Because this is not just about how much power you get — it’s about when you get it.
- Offshore wind is less correlated with grid CO₂ in South Wales because there are no offshore wind farms in this region.
- Onshore wind and solar, on the other hand, better reflect regional generation patterns.
- Contracting with a offshore wind farm in this case would mean tapping into wind patterns across the north and east of the UK which differ from the wind patterns and therefore grid CO2 intensity in South Wales
So, the optimiser selects PPAs that most effectively reduce net CO₂ intensity, even if they don’t maximise raw energy output. If someone builds a offshore wind farm in South Wales then it might show more favourably in the selection.

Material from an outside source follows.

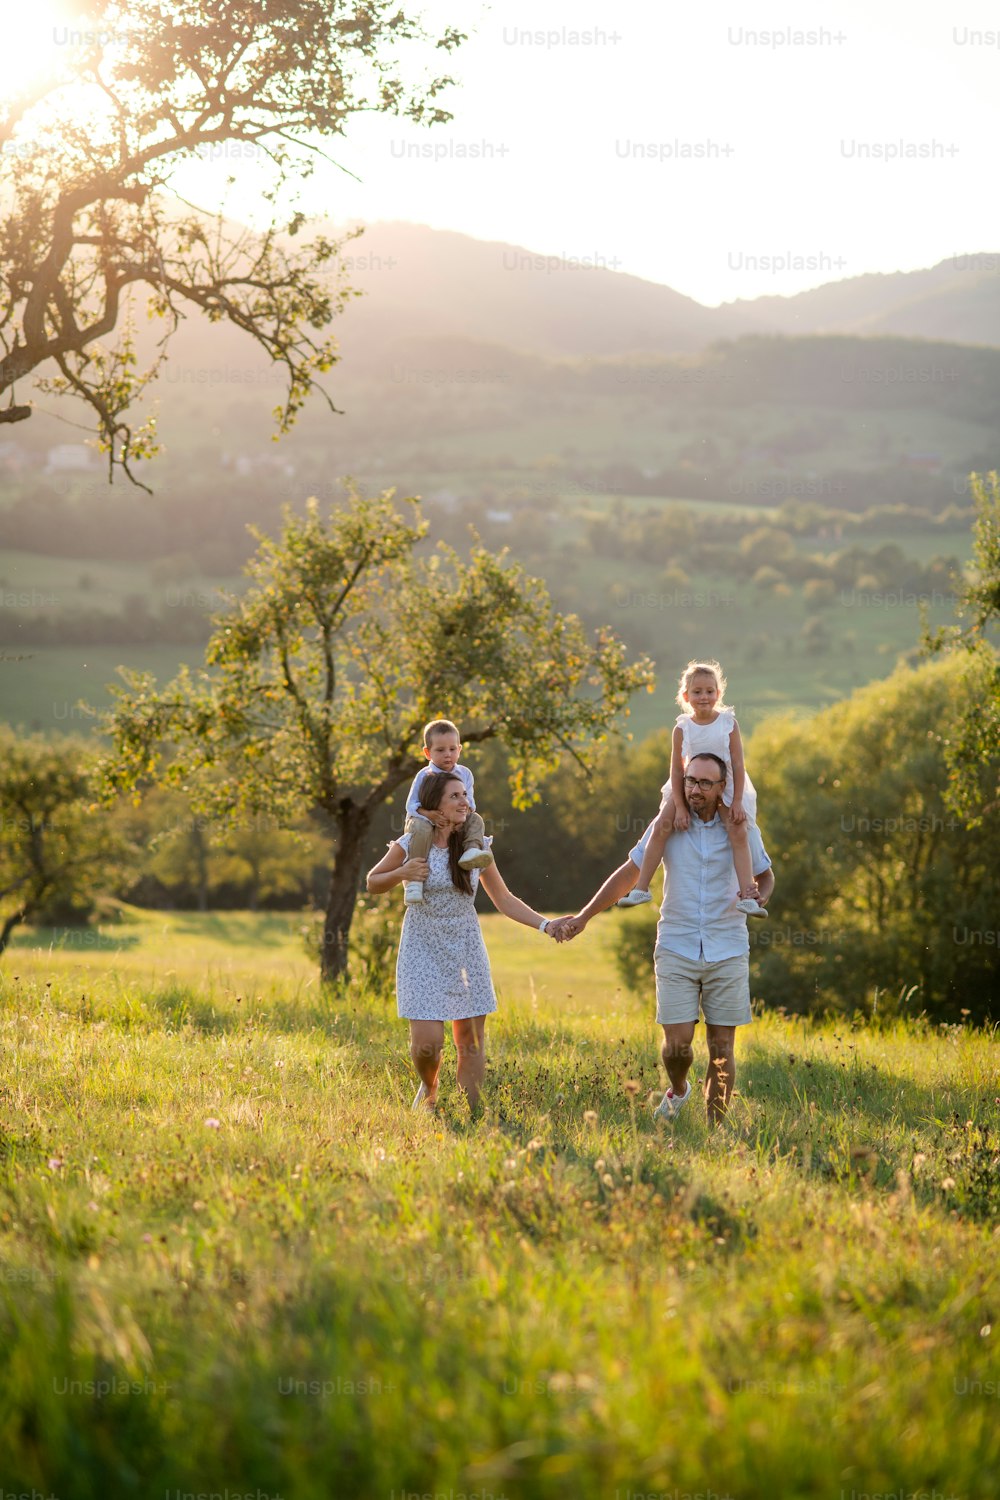 해질녘 야외 초원을 걷고 있는 두 명의 어린 자녀와 함께 피기백 타기를 하는 가족의 전면 보기.
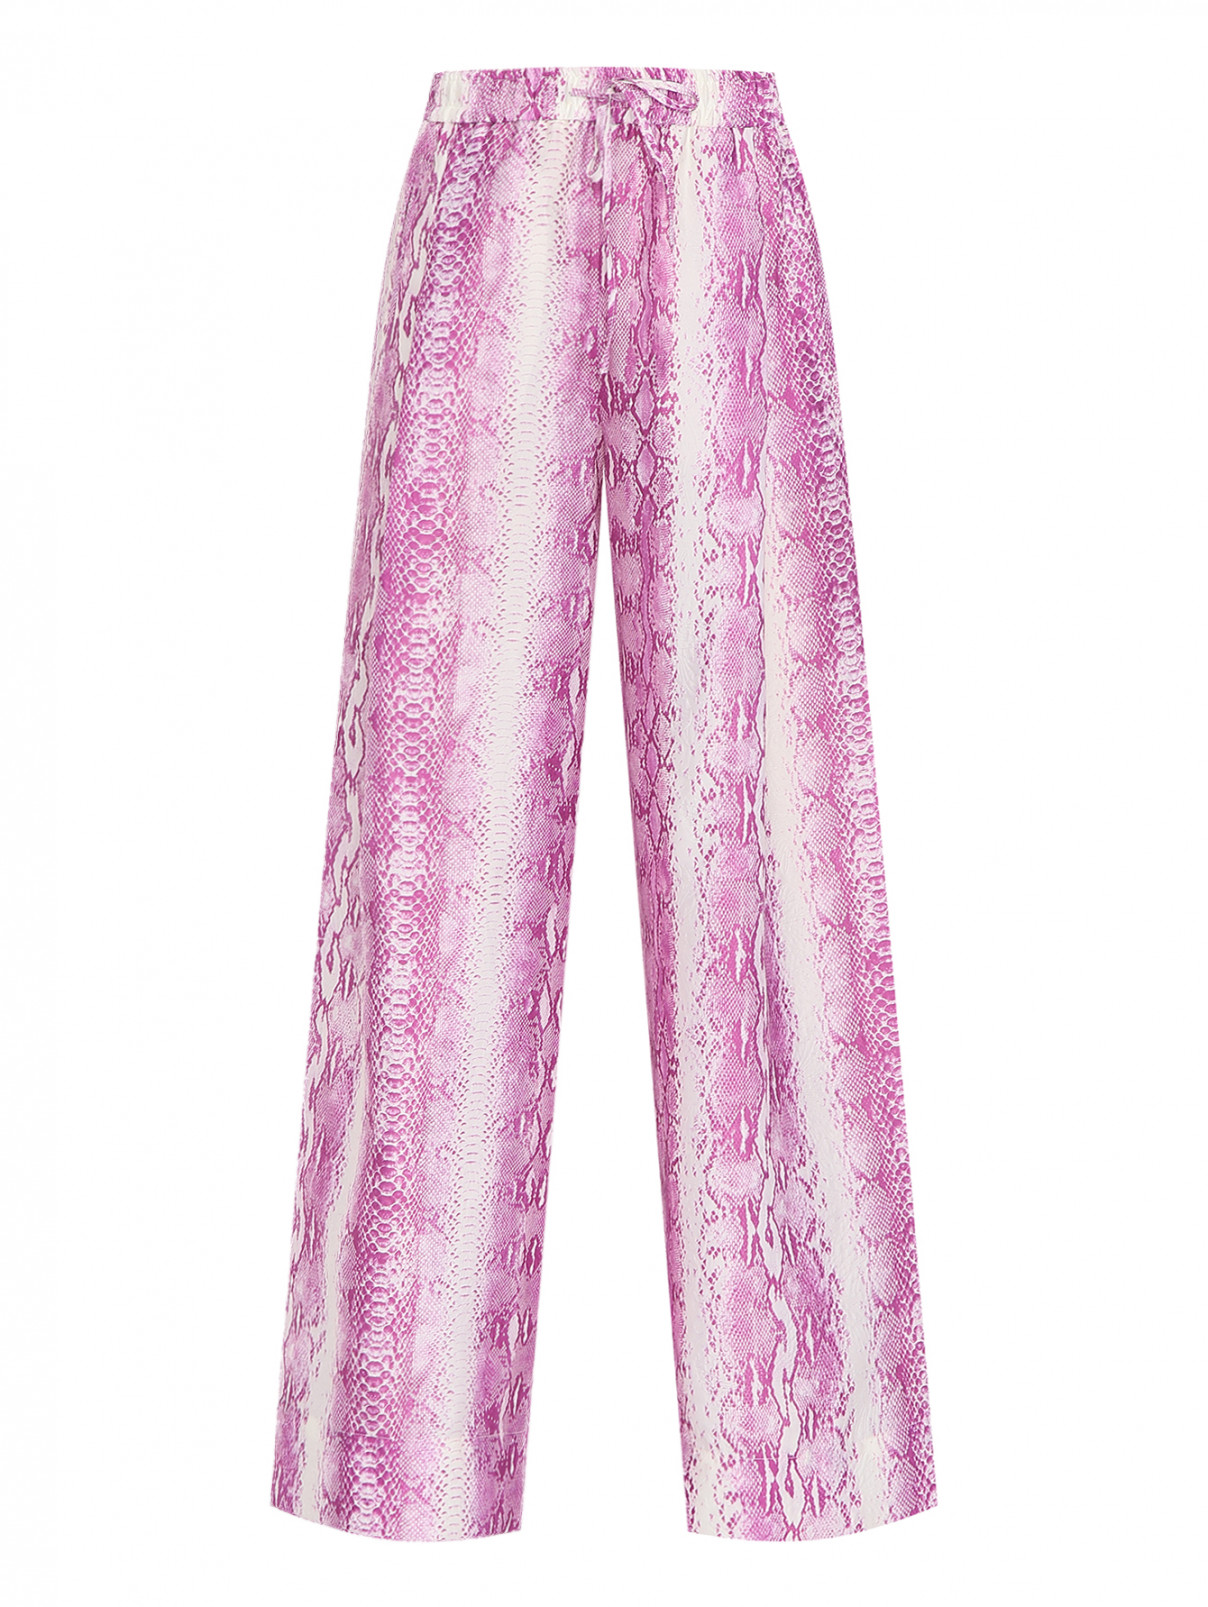 Широкие брюки на резинке с узором под питона Essentiel Antwerp  –  Общий вид  – Цвет:  Розовый

What FLOAT Can Do for Hydrogen Producers
Choosing the right PPA isn’t just about finding the cheapest price or the greenest generator. It’s about system optimisation:
Where is your plant?
What is the grid CO₂ profile in that region?
What utilisation do you need to hit your offtake target?
How intermittent can your hydrogen supply be?
These are the kinds of questions FLOAT’s optimiser is built to answer. We take into account:
- Generator location and type
- Temporal correlation with your plant’s demand and the grid CO₂
- Market prices and CfD-style fixed prices
- Future scenarios across years
We help you design the ideal generation stack, simulate it over multiple market years, and then manage dispatch in real-time to ensure you hit the lowest possible energy cost while staying compliant with regulations like the UK LCHS.
Conclusion: There Is No One-Size-Fits-All PPA
Whether you’re aiming for 50% or 95% electrolyser utilisation, FLOAT can help you optimise across:
- CO₂ compliance
- Market cost
- PPA size and location
- Generator diversity
Yes — you can get to your desired hydrogen output with various PPA mixes, but there is clearly an optimal one. FLOAT helps you find it.
And one last question… If PPA costs are so high, what happens to hydrogen price if those prices come down? Or go up?